SUMMARY OF THE INVENTION
[0006] The present invention provides techniques for affecting the
quality of speech from a text-to-speech (TTS) system in order to
implicitly convey the synthetic origin of the speech.
[0007] For example, in one aspect of the invention, a technique for
producing speech output in a TTS system is provided. A message is
created for communication to a user in a natural language generator
of the TTS system. The message is annotated in the natural language
generator with a synthetic speech output style. The message is
conveyed to the user through a speech synthesis system in
communication with the natural language generator, wherein the
message capable of being conveyed in accordance with the synthetic
speech output style.
[0008] In an additional aspect of the invention, the technique
described above is performed in an automatic dialog system in
response to a received communication from the user in the automatic
dialog system. Further, the annotation of the message may be
performed manually by a designer of the automatic dialog system
through a markup language. The annotation of the message may also
be performed automatically in accordance with a defined set of
rules.
[0009] Advantageously, the present invention conveys a reminder to
a caller that communication is taking place with an automated
system or a machine. This message is more pleasant for the caller
to listen to than a low-quality TTS sample, and more efficient than
an additional message that explicitly restates the non-human nature
of the response system.
[0010] These and other objects, features, and advantages of the
present invention will become apparent from the following detailed
description of illustrative embodiments thereof, which is to be
read in connection with the accompanying drawings.
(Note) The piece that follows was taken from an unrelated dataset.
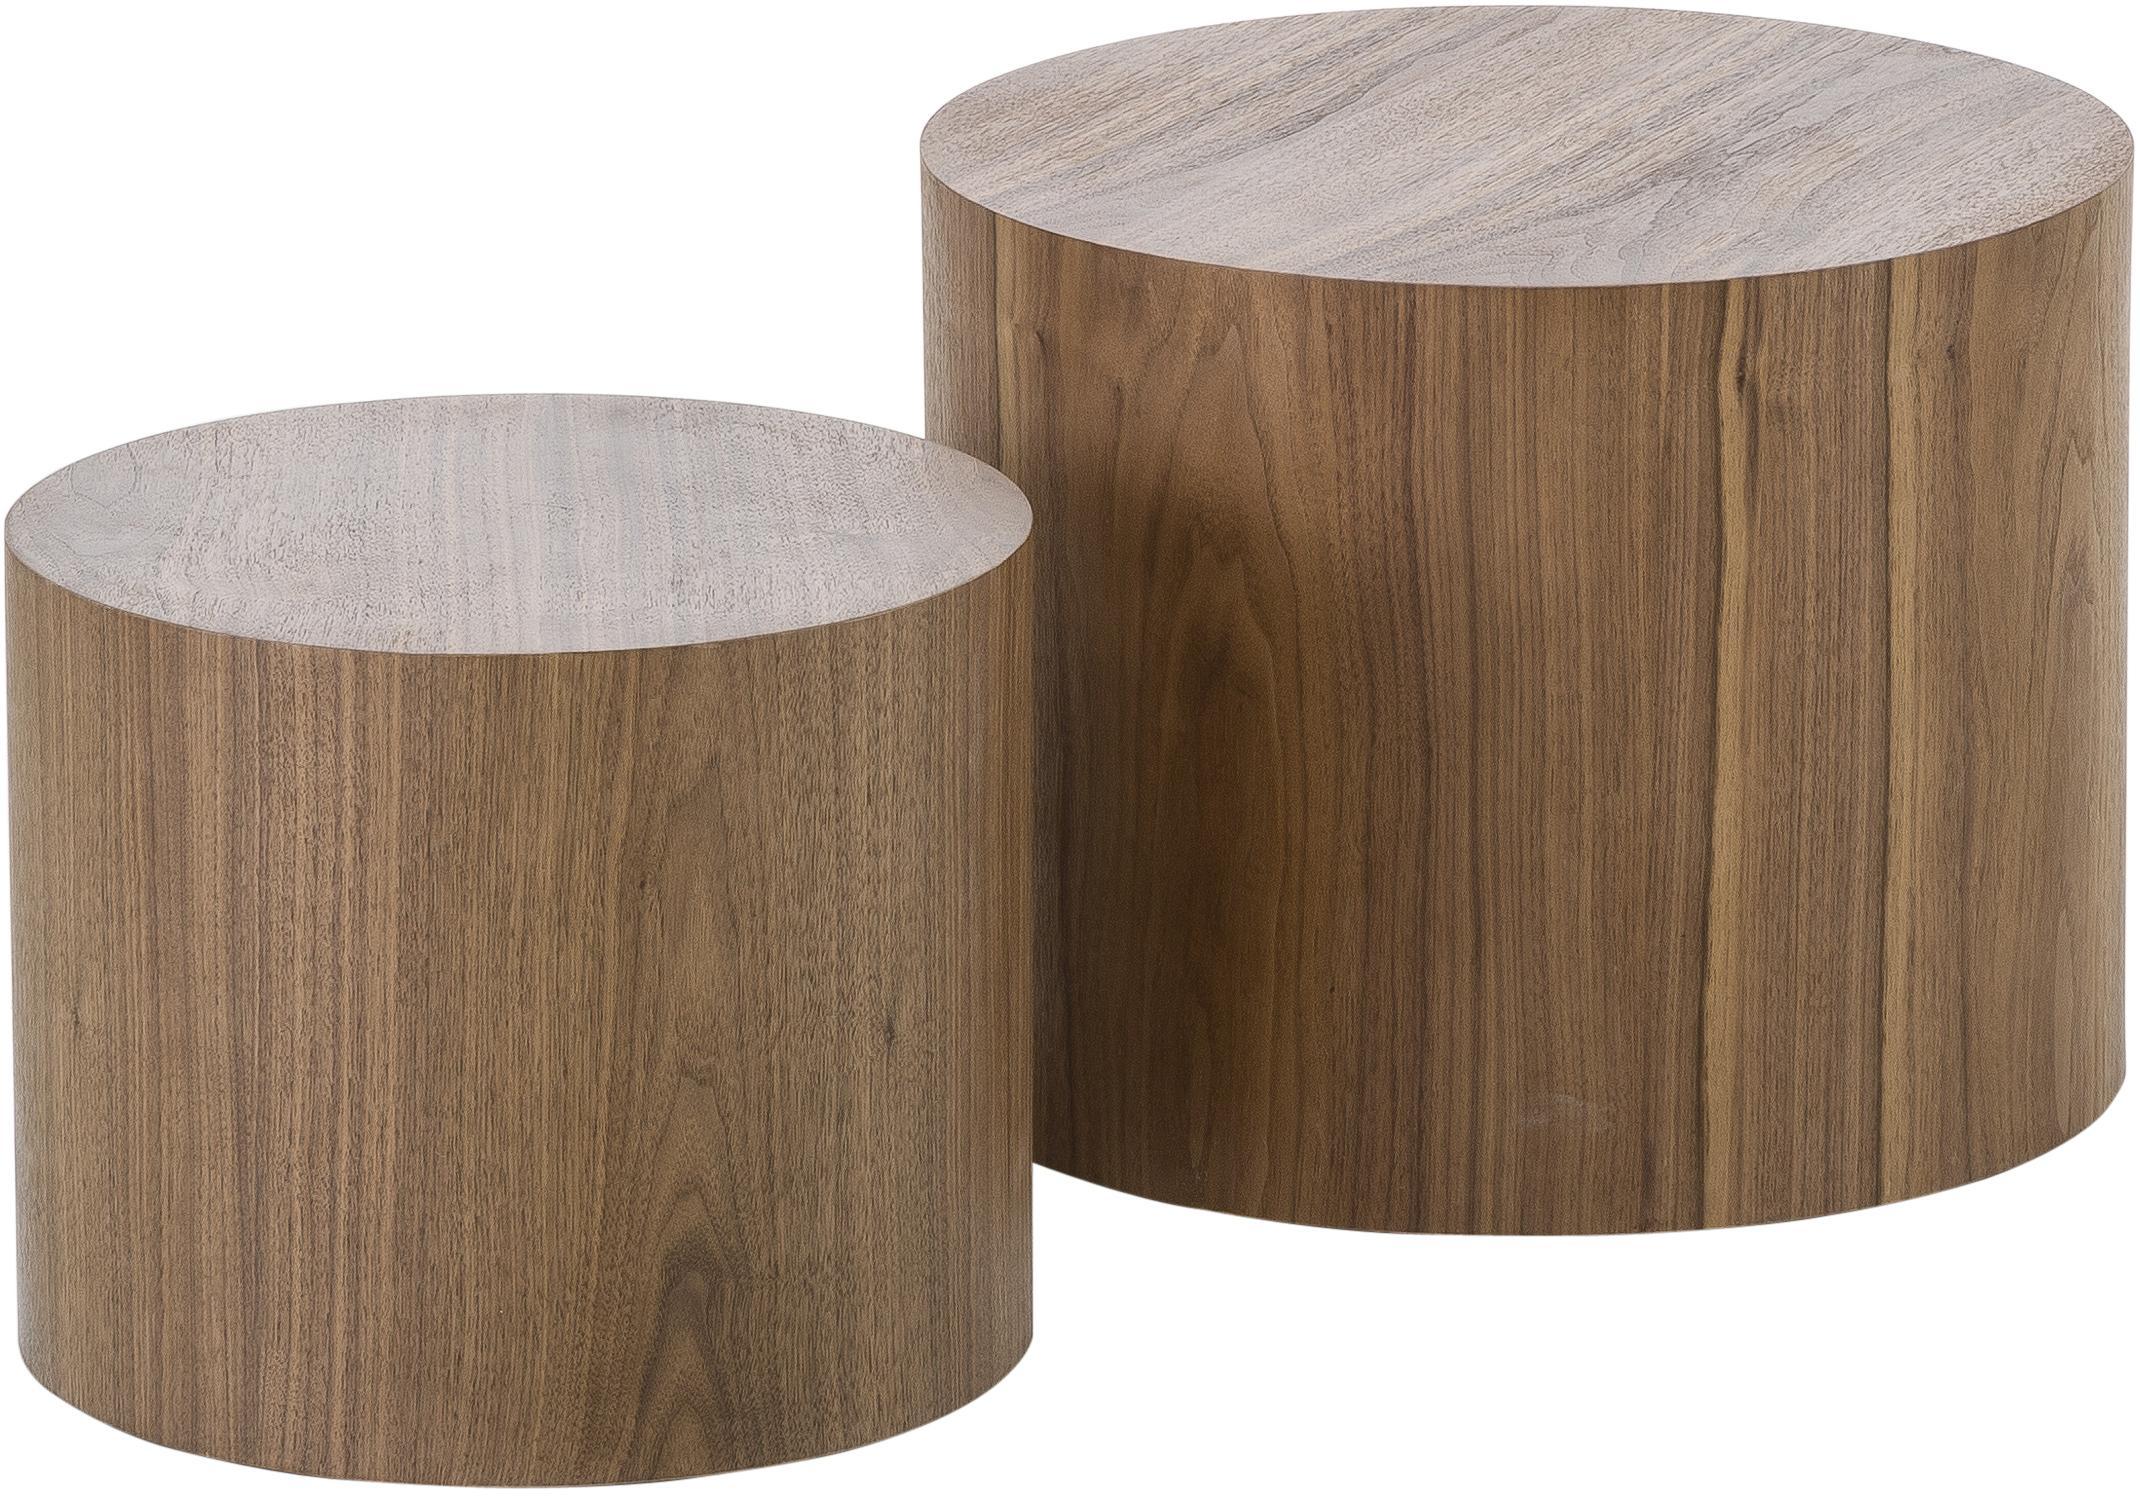 Set 2  tavolini in legno Dan, Pannello di fibra a media densità (MDF) con impiallacciatura di noce, Aspetto legno di noce, Set in varie misure
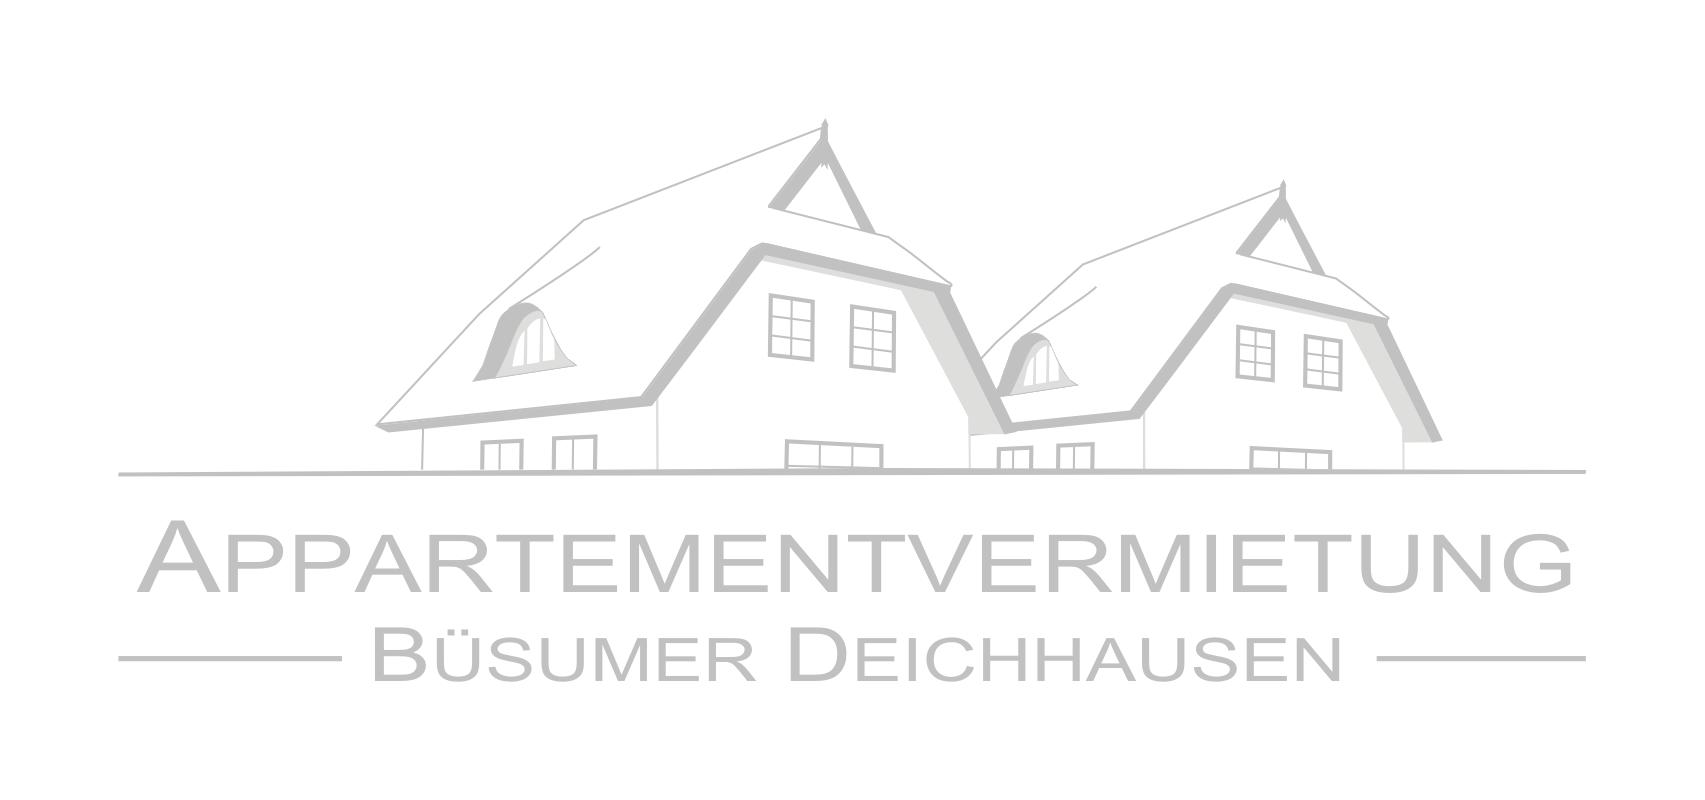 Appartementvermietung Buesumer Deichhausen

BRIEF DESCRIPTION OF THE DRAWINGS
[0011] FIG. 1 is a detailed block diagram illustrating a
text-to-speech system utilized in an automatic dialog system,
according to an embodiment of the present invention;
[0012] FIG. 2 is a flow diagram illustrating a message annotation
methodology that conveys the synthetic nature of the text-to-speech
system, according to an embodiment of the present invention;
and
[0013] FIG. 3 is a block diagram illustrating a hardware
implementation of a computing system in accordance with which one
or more components/methodologies of the invention may be
implemented, according to an embodiment of the present
invention.
DETAILED DESCRIPTION OF PREFERRED EMBODIMENTS
[0014] As will be illustrated in detail below, the present
invention introduces techniques for implicitly conveying the
synthetic origin of speech from a text-to-speech (TTS) system and,
more particularly, techniques for annotating a message sent by a
TTS system that affect the quality of the message to remind the
caller that communication is taking place with an automated system
or a machine. The synthetic nature of the speech may be implicitly
conveyed to the caller in accordance with an embodiment of the
present invention by selectively introducing unnatural effects into
the output speech.
[0015] Referring initially to FIG. 1, a detailed block diagram
illustrates a TTS system utilized in an automatic dialog system,
according to an embodiment of the present invention. A caller 102
initiates communication with the automatic dialog system, through a
spoken message, typically a request for specific information. A
speech recognition engine 104 receives the sounds sent by caller
102 and associates them with words, thereby recognizing the speech
of caller 102. The words are sent from speech recognition engine
104 to a natural language understanding (NLU) unit 106, which
determines the meanings behind the words of caller 102. These
meanings are used to determine what information is desired by
caller 102. A dialog manager 108 in communication with NLU unit 106
retrieves the information requested by caller 102 from a database.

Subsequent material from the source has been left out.